由此看來,退耕還林所產出的這個生態流域的特殊“公共產品”,若無國家補貼,農民是不會去“生產”的,而國家則由于百業待舉,需要“公平分配”的項目太多,數額太大又不能拿出太多錢,這樣一來,有可能使這個工程再拖20年,也許要30年才能完成。那么,城市的現代化能等下去嗎?生態環境的改善是城市現代化的前提。許多城市在現代化的建設中發現,由于良好的生態資源的稀缺,同樣的建設成本越來越高,一些良好的規劃無法付諸實現。總之,流域生態環境的治理拖延時日越長,諸多矛盾越來越尖銳,矛盾的群體性使城市的現代化步步為艱。
二、中、下游各大、中城市該不該以特種稅形式,幫助各自中、上游農牧區共同早日治理好流域生態環境?
我們從調查中發現,按照目前的做法,在流域生態環境這種公共產品的建設中,實際上只是由國家與當地農民出錢出力一起建設的,而中下游大中城市并沒作什么貢獻,只是當作國家的公共產品來享受。但是,以往我們存在一種誤識,總認為國家對西部欠發達地區的財政轉移支付,主要來源于中下游大、中城市上繳的稅款,因此,他們在這種公共產品中也已了出錢、盡力了。然而,當我們作深入研究后發現,其實,這道理似是而非。1.國家的稅收來自全國人民,既有東部中下游地區的,也有西部欠發達地區的,那么,西部欠發達地區不同樣“出錢”了嗎?那么,讓農民植樹造林、平整土地就應付給報酬而不是白出力了。但國家并沒付給勞動報酬。2.從經濟學常識講,稅收的返還,東部總是高于欠發達地區,在上世紀80-90年代曾有過“國家錢投到哪里”之爭。東部人士說“國家投資應該更多投向東部,通過梯度傳遞推動中、西部發展。”事實也如此,造價高昂的高速公路、立交橋多集中于東部,鐵路、港口、機場集中東部,現代大工業集中東部,國家公務員集中東部,大學、醫院等也集中于東部,可見大量稅收源源不斷返還東部。3.即使是投在“西部”名義上的財政工程款,但通過招標的形式,大部分錢仍都無可奈何地落到東部有實力的大公司腰包,換言之,東部上繳的稅收,又通過“招標”這條“暗道”返回到了東部。
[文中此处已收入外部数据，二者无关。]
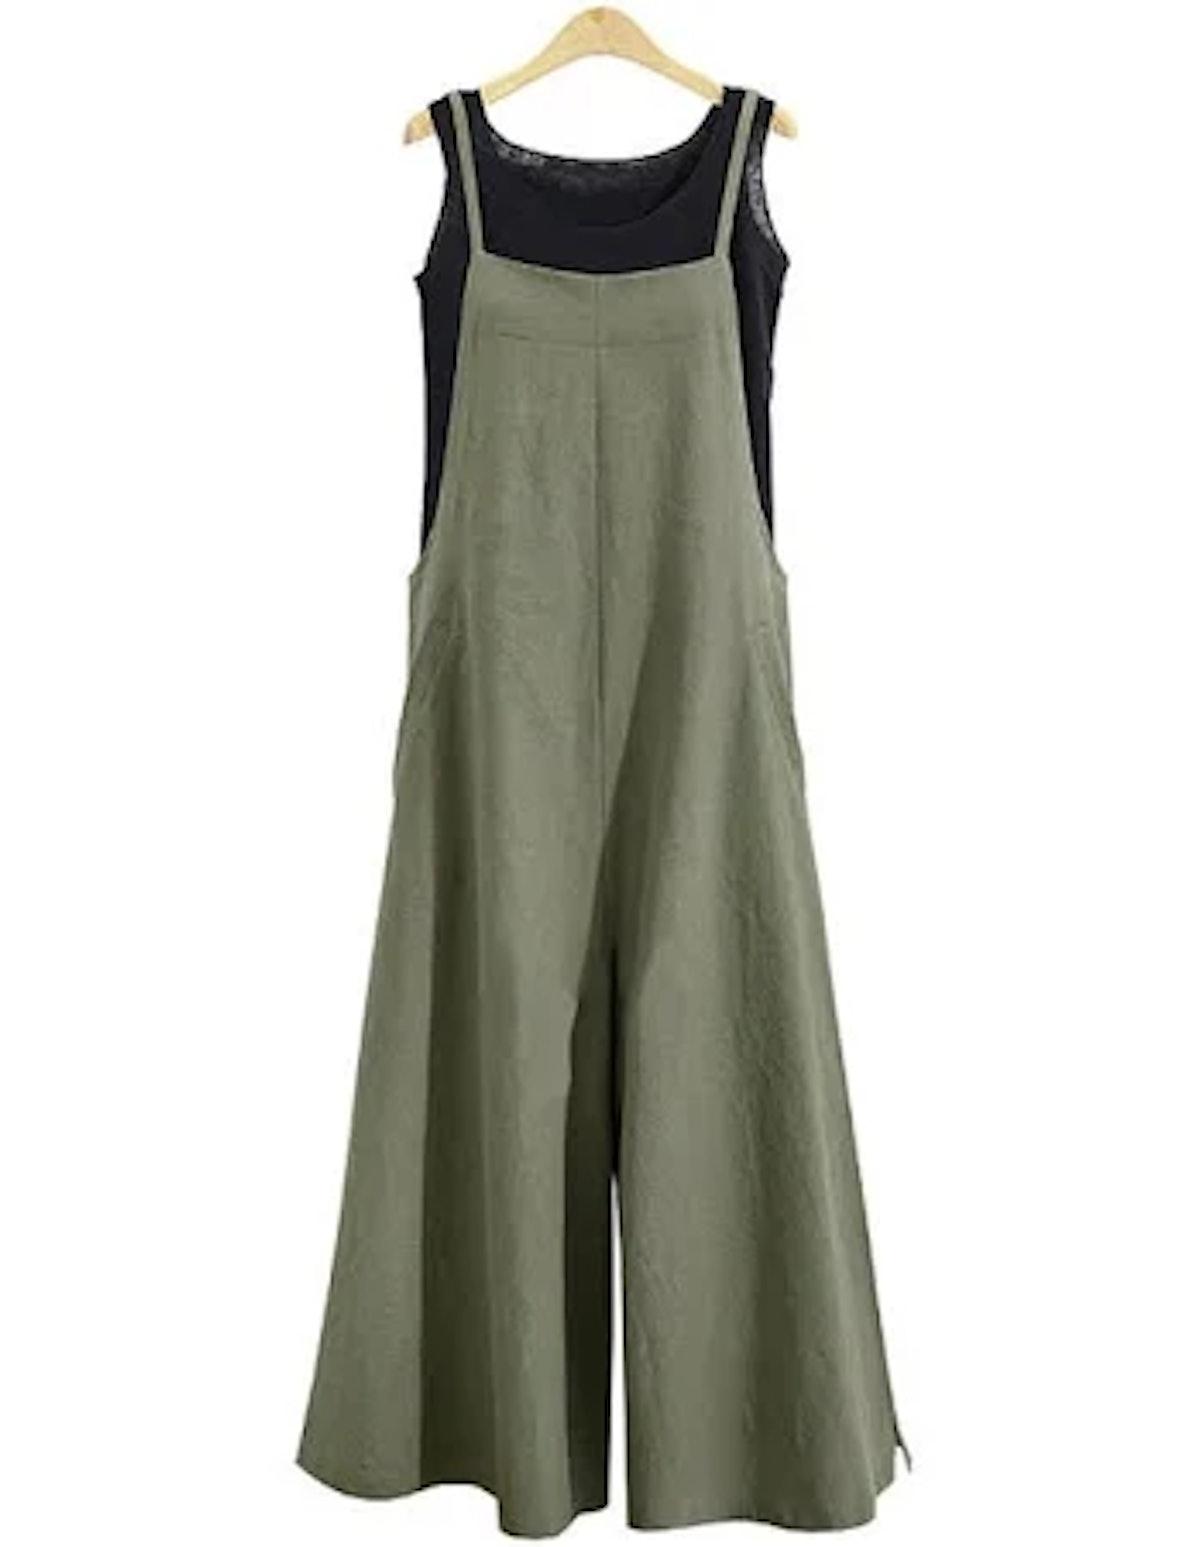 Banggood Women Overalls Bib Pants Loose Pockets Jumpsui

市場經濟總偏向強者。我們不妨再作進一步的深入探究,這些投在“西部”名上的大工程款,大都是天燃氣、石油、煤、水電,這資源都是全國人民所共享的資源,大部分供誰用了呢?西氣東送、西電東輸、西煤東運,換言之,投在“西部”名義上的財政資金,又在用途上反回了東部。據以上三方面的分析,東部中下游大、中城市在流域生態環境建設的這種特殊“公共產品”上,事實上他們沒有出力也沒有出錢,只是當作一般公共產品來享用。從而使我們揭開了又一種不合理現象,那就是在這個特殊的跨流域的“公共產品”中,出現了這種怪現象,富裕的城市不出錢出力,而要貧窮的農村來出力,這豈不是又一種城市對農村的剝奪?豈不又是一種富裕城市居民不自覺地對貧窮農村農民的剝奪?雖然不是制度故意安排,但不能不說是這個制度安排本身的缺陷與不公平。因此,設立下游大中城市生態環境治理特種稅,來幫助上游農民一起建設新的生態,正可以修正它的不公。也是對這種跨地區“公共產品”的特殊時期的制度安排,合理也合情。
三、征收物種稅,也是為自己培育長久的國內市場。
我們的改革開放政策雖如日普照,但由于人文條件、自然條件及原有基礎的不同,正如大地回春一樣,南方總是先受春光之惠,東部地區受改革開放之惠也來得早、受惠大,而且在改革開放初期的短缺經濟年代,獲取了非常利潤,這種非常態的豐厚利潤,叫什么我們不必去追究它,但它確實使東部地區以超常速富裕了起來,這種歷史機遇也許100年不遇一次!現在,也應該讓西部“后知后覺”、自然條件極惡劣的貧困農民共享部分改革成果,尤其是對于同自己利害關系密切的上游地區農民。若一對一地幫帶則更好,從而便于將它作為政績考核目標之一,這無疑會短促使下游各大中城市更主動地拿出更多、更好招數幫助上游貧困地區農牧民來治理、恢復生態工程。其實,幫助了上游,也就幫助了大城市自己。在這點上,我十分贊同諾貝爾經濟學得主薩繆爾森最近在答德國《明鏡》記者的一段對話。記者問:“如果全球化也有不利的一面,人們應該怎樣對待它?”薩氏答道:“也許我們應該使全球化進程放慢一些,但不能讓全球化停下來,我們也不應該這樣做。我們能做的是,幫助忍受全球化后果之苦的人。(行者——這正像我們的市場經濟全面推開一樣)我們可以用稅收制度的力量,把像我這樣的富人的錢再分配給不富裕的人。這幾乎不會阻止我們的經濟增長。”同樣道理,通過設立大中城市流域生態治理特種稅制度,把大中城市“容貌工程”“生態環境”上的錢,稍稍拿出一點“再分配給不富裕的人”,分配給自的給上游地區貧窮農民來治理生態環境,這幾乎同樣不會影響這些大中城市的經濟增長,這符合資源最優化配置,何況是,幫助他們實際上也是幫助了大城市自己早日改善大中城市的生態大環境。同時還為自己培育起一個長久的國內市場。這對于克服過度依賴國外市場,意義極其深遠。可謂一舉多得。反之,若不通過這種特種稅形式,那么,即使各大、中城市愿意“贊助”,各拿多少呢?誰說了也無效。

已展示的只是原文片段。